Full Text
MATHEMATICS
M. S. PINSKER
ENTROPY, THE RATE OF CREATION OF ENTROPY, AND ENTROPIC STABILITY OF GAUSSIAN RANDOM VARIABLES AND PROCESSES
(Presented by Academician A. N. Kolmogorov, 7 III 1960)
1°. Entropy. Let \(\mathscr P_1\{\cdot\}\) and \(\mathscr P_2\{\cdot\}\) be probability measures defined on one and the same space \((X,S_X)\). If the measure \(\mathscr P_1\{\cdot\}\) is absolutely continuous with respect to the measure \(\mathscr P_2\{\cdot\}\), then put
\[ h_{\mathscr P_2}(x,\mathscr P_1)=\ln a(x)=\ln \frac{d\mathscr P_1\{\cdot\}}{d\mathscr P_2\{\cdot\}},\qquad H_{\mathscr P_2}(\mathscr P_1)=\int_X h_{\mathscr P_2}(x,\mathscr P_1)\mathscr P_1\{dx\}. \tag{1} \]
If, however, the measure \(\mathscr P_1\{\cdot\}\) is not absolutely continuous with respect to the measure \(\mathscr P_2\{\cdot\}\), then put \(H_{\mathscr P_2}(\mathscr P_1)=\infty\), and in the case of singularity of the measure \(\mathscr P_1\{\cdot\}\) with respect to the measure \(\mathscr P_2\{\cdot\}\), \(h_{\mathscr P_2}(x,\mathscr P_1)=\infty\), \(h_{\mathscr P_2}(x,\mathscr P_1)/H_{\mathscr P_2}(\mathscr P_1)=1\).

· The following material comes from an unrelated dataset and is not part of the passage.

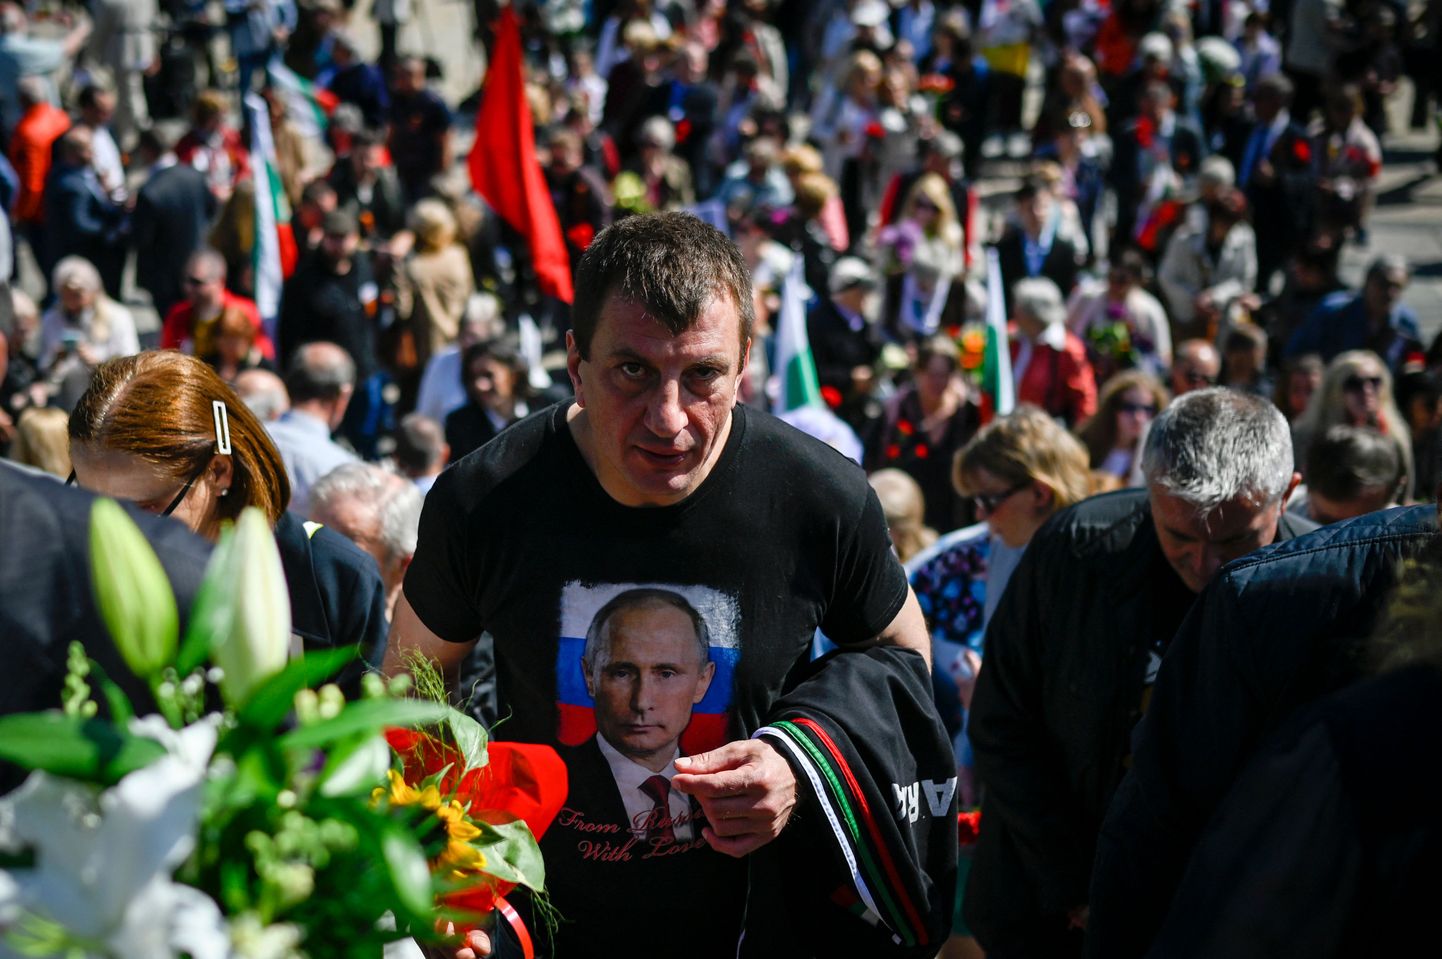 «Русские - наши братья-славяне» - распространенный лозунг в Болгарии, но война на Украине подвергает испытанию широко распространенные русофильские настроения.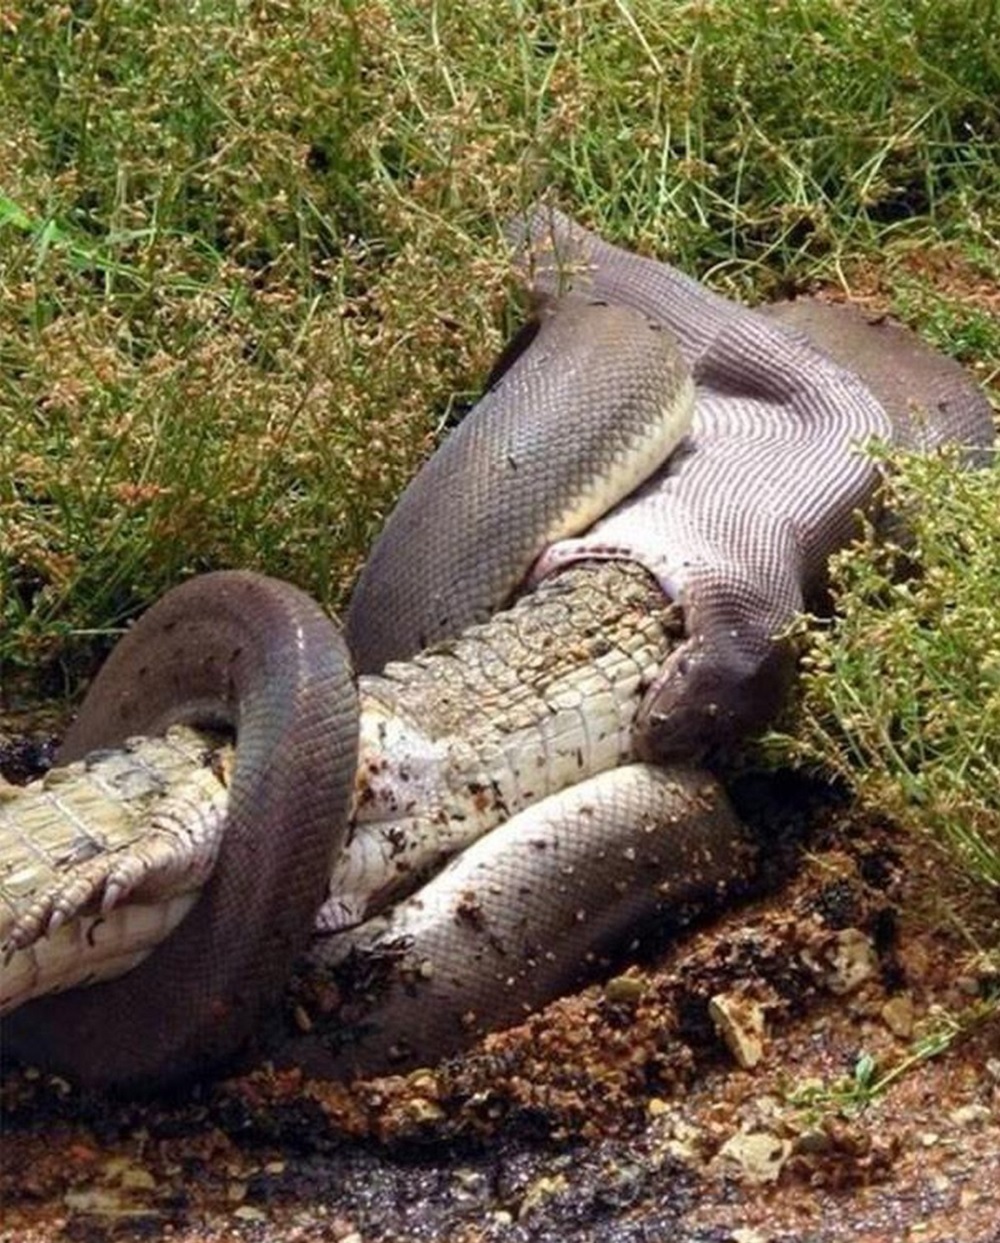 Anaconda se come un cocodrilo

We shall call \({}^{(1-3)}\) \(H_{\mathscr P_2}(\mathscr P_1)\), \(h_{\mathscr P_2}(x,\mathscr P_1)\), respectively, the entropy and the entropy density of the measure \(\mathscr P_1\{\cdot\}\) with respect to the measure \(\mathscr P_2\{\cdot\}\). (These notions, under other names, have previously occurred in works on mathematical statistics \({}^{(4)}\).) In the case where \(\mathscr P_1\{\cdot\}\), \(\mathscr P_2\{\cdot\}\) are measures determined by the distributions
\(P_\xi(E)=\mathscr P\{\xi\in E\}=\mathscr P_1\{E\}\),
\(P_\eta(E)=\mathscr P\{\eta\in E\}=\mathscr P_2\{E\}\),
\(E\in S_x\), of random variables \(\xi\) and \(\eta\) taking values in one and the same measurable space \((X,S_X)\), we shall adopt the notation
\[ H_{\mathscr P_2}(\mathscr P_1)=H_{P_\eta}(P_\xi)=H_\eta(\xi),\qquad h_{\mathscr P_2}(x,\mathscr P_1)=h_{P_\eta}(x,P_\xi)=h_\eta(x,\xi). \]
In this case the expression \(h_\eta(\xi,\xi)=h_\eta(\xi)\) is a random variable and
\(H_\eta(\xi)=M h_\eta(\xi)\).
A random variable \(\xi=\{\xi_t\},\ t\in N\) (\(N\) is some set), formed from one-dimensional random variables \(\xi_t\), is called Gaussian if, for any finite set \(t_1,\ldots,t_n\in N\) of values of the parameter \(t\), the joint distribution of the random variables \(\xi_{t_1},\ldots,\xi_{t_n}\) is normal.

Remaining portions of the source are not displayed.